▶ What is required
Reprint all of the data below exactly as shown and skip every image.

▶ Provided data

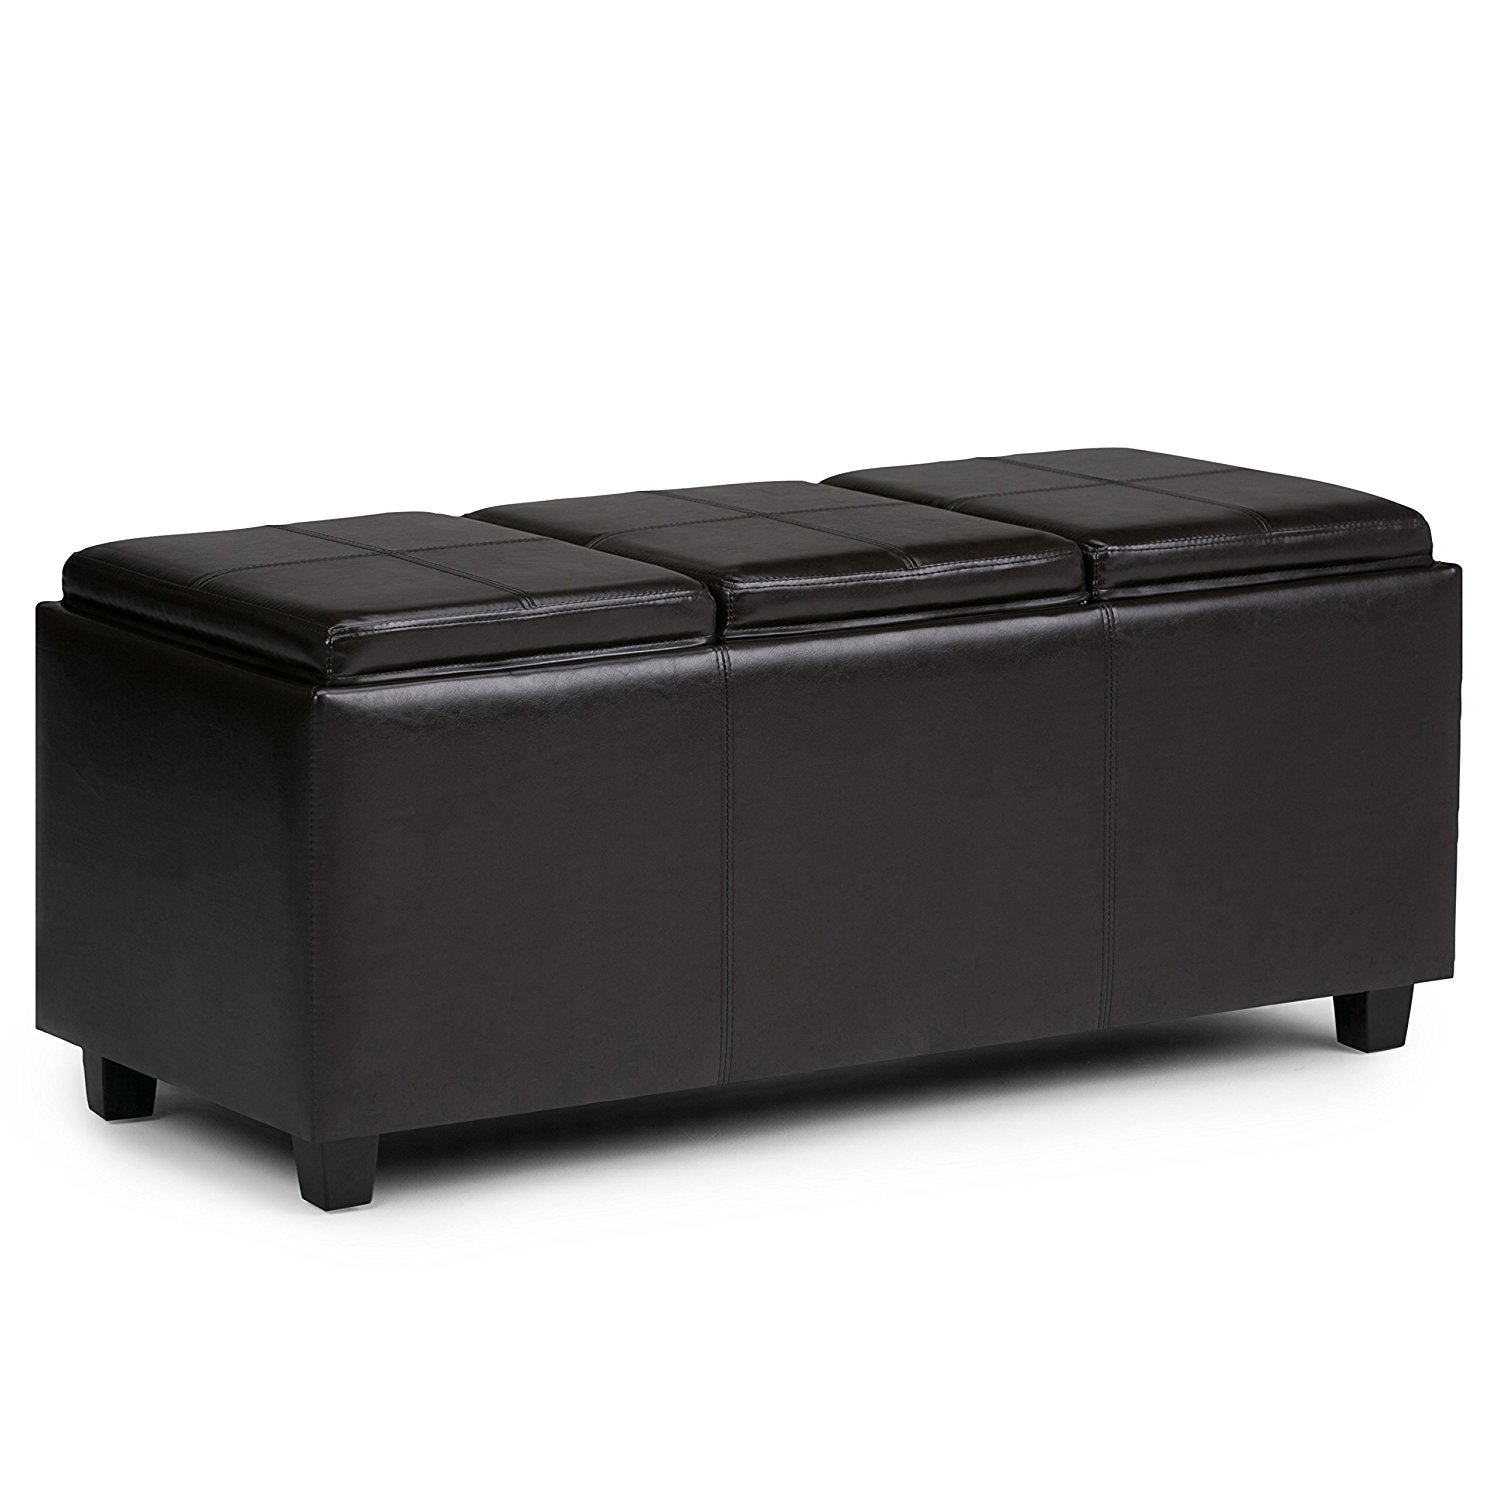 Simpli Home Avalon Faux Leather Rectangular Storage Ottoman with 3 Serving Trays, Large, Brown
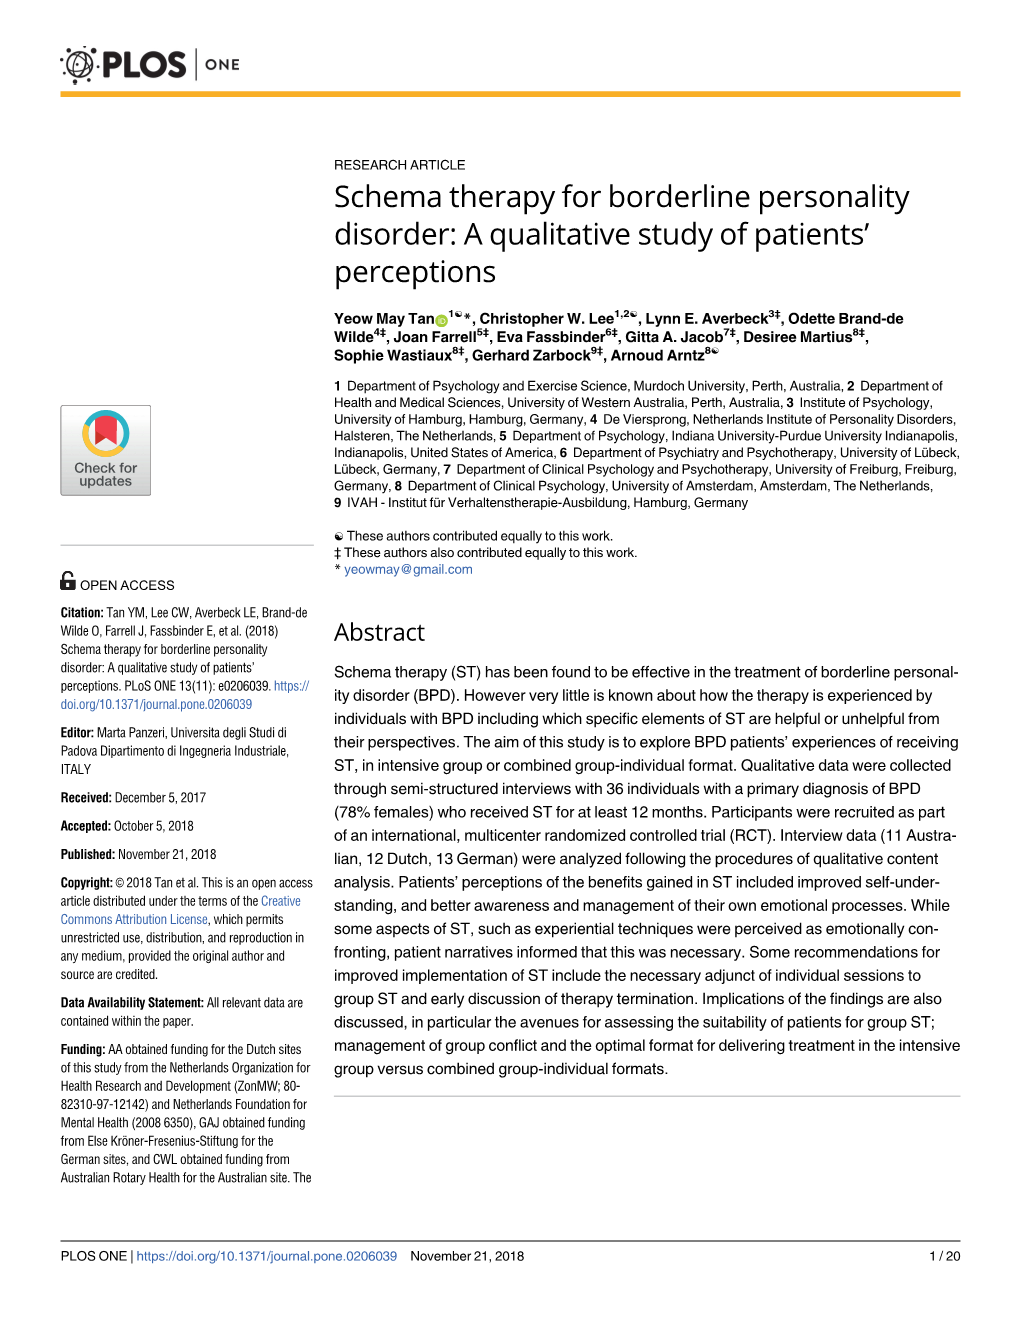 Schema Therapy for Borderline Personality Disorder: a Qualitative Study of Patients’ Perceptions
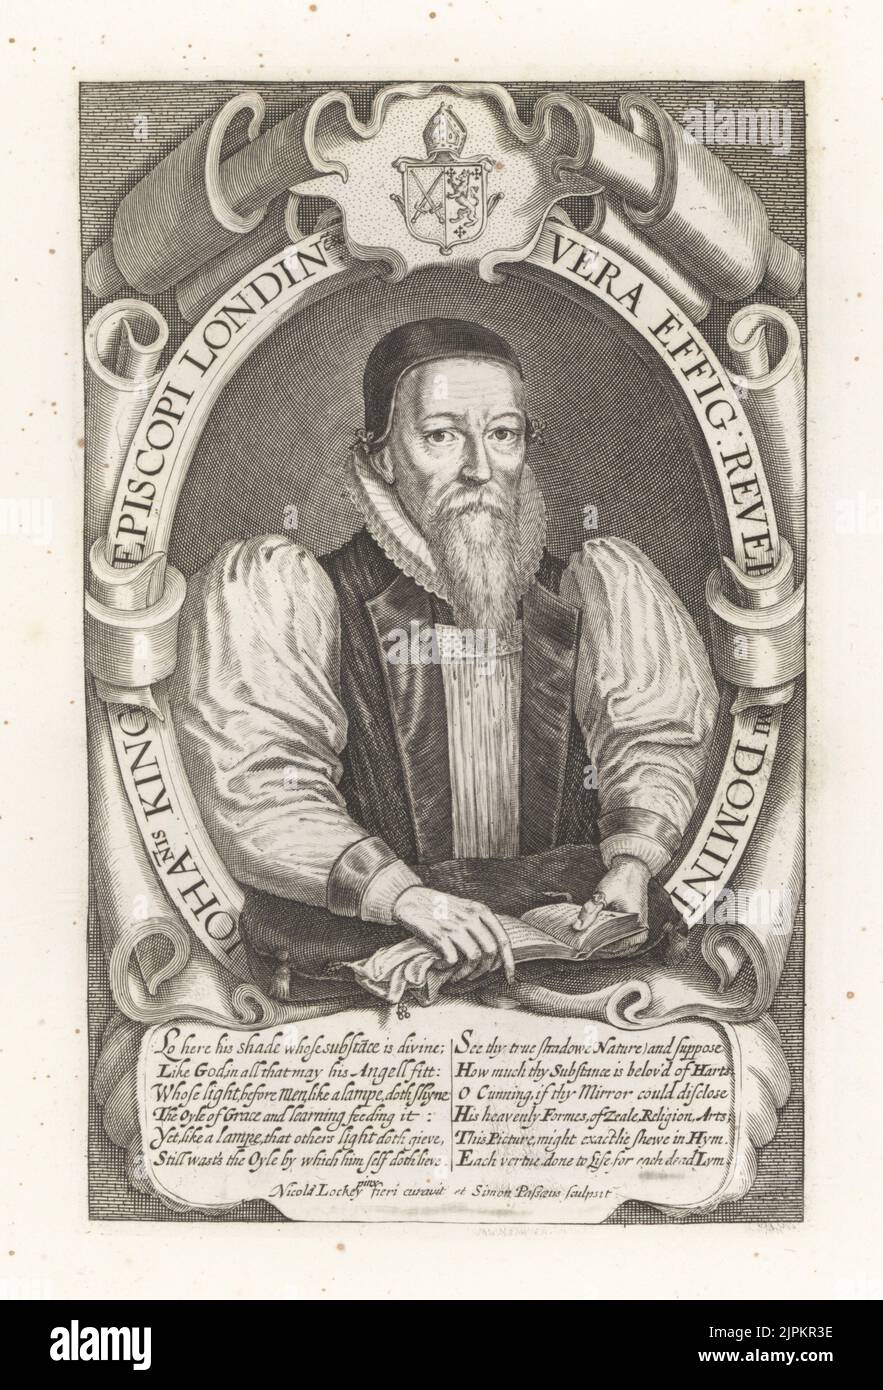 John King, Bishop of London, died 1621. In skull cap, ruff collar, ecclesiastical robes, holding a book and gloves. Johanis King Episcopi Londinensis. Copperplate engraving by Simon Pass after a painting by Nicholas Lockey from Samuel Woodburn’s Gallery of Rare Portraits Consisting of Original Plates, George Jones, 102 St Martin’s Lane, London, 1816. Stock Photo
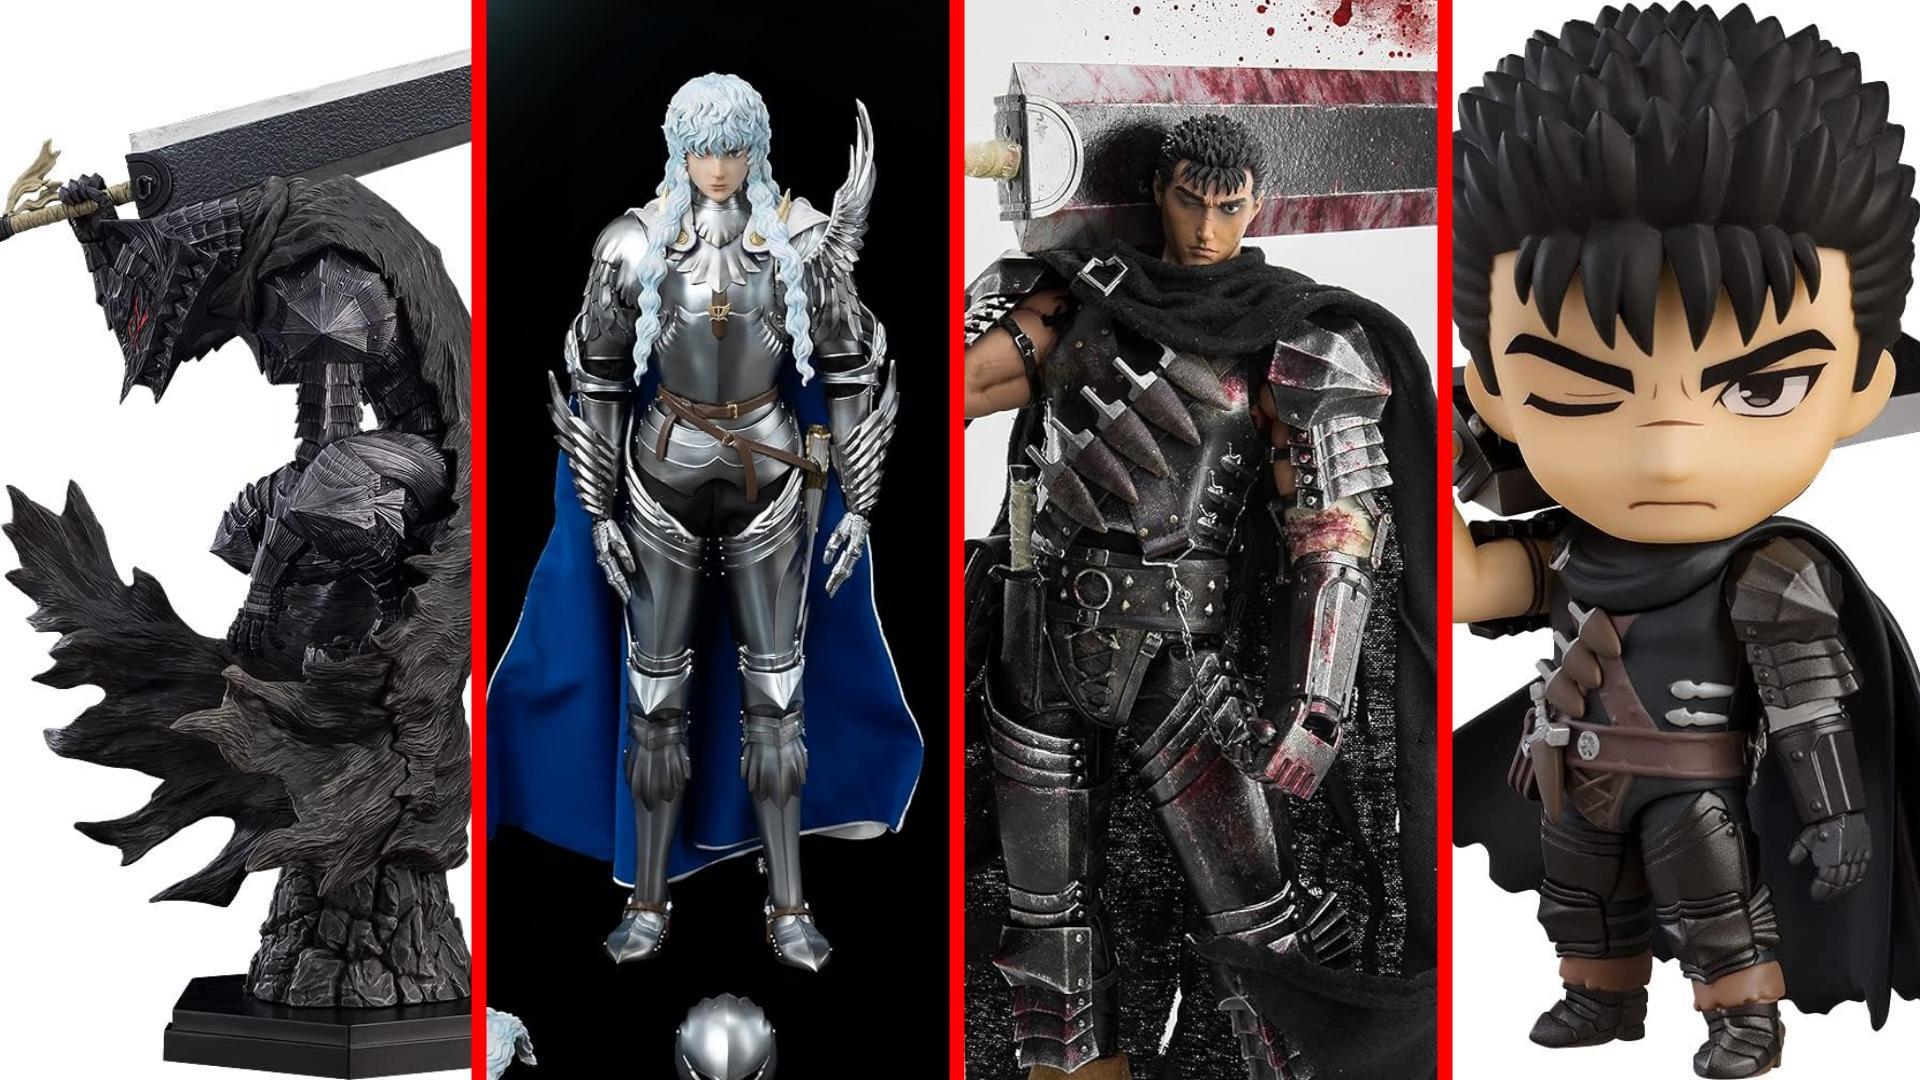 Several Berserk Collectible Figures Are Up For Preorder At Amazon

▶ Answer to the exercise
 Simpli Home Avalon Faux Leather Rectangular Storage Ottoman with 3 Serving Trays, Large, Brown
 Schema Therapy for Borderline Personality Disorder: a Qualitative Study of Patients’ Perceptions
 John King, Bishop of London, died 1621. In skull cap, ruff collar, ecclesiastical robes, holding a book and gloves. Johanis King Episcopi Londinensis. Copperplate engraving by Simon Pass after a painting by Nicholas Lockey from Samuel Woodburn’s Gallery of Rare Portraits Consisting of Original Plates, George Jones, 102 St Martin’s Lane, London, 1816. Stock Photo
 Several Berserk Collectible Figures Are Up For Preorder At Amazon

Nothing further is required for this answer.